Sarah stared at him.
Then at me.
“You love him?”
I could not speak.
I nodded.
She laughed once, broken and disbelieving.
“Oh my God.”
She backed toward the door.
“Stay away from me. Both of you. I never want to see either of you again.”
“Sarah, please,” I sobbed.
“Don’t touch me.”
The hatred in her eyes will live in me forever.
“I hope he was worth it,” she said. “I hope destroying our friendship was worth it.”
Then she slammed the door.
And everything honest finally became ruin.

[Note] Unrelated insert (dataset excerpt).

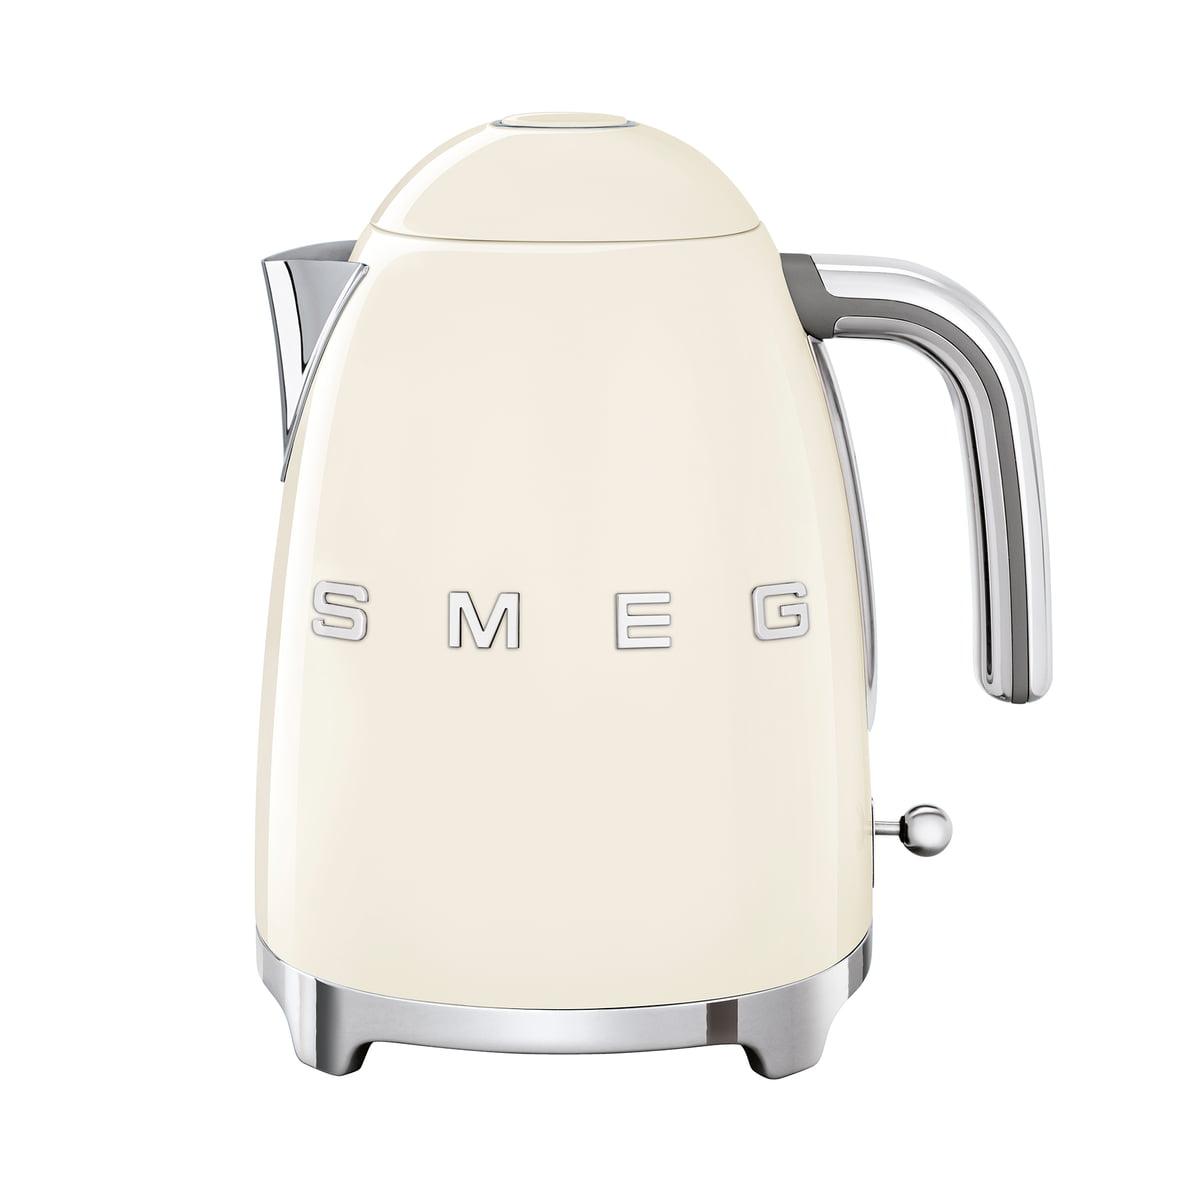 SMEG - Wasserkocher 1,7 l (KLF03), creme

Catherine arrived twenty minutes later.
She did not knock. She used her key and entered the penthouse as if she still owned every inch of it.
She looked at me first.
“You should leave.”
“No,” Damen said.
Catherine’s eyes narrowed.
“Damen, do not start acting noble now. You are fifty-eight years old. You are not a boy who got swept away. You are a father who knew exactly what this would do to your child.”
Her words hit harder than Sarah’s shouting because Catherine’s voice was calm.
Then she turned to me.
“And you. You let my daughter call you sister while you carried this behind your teeth.”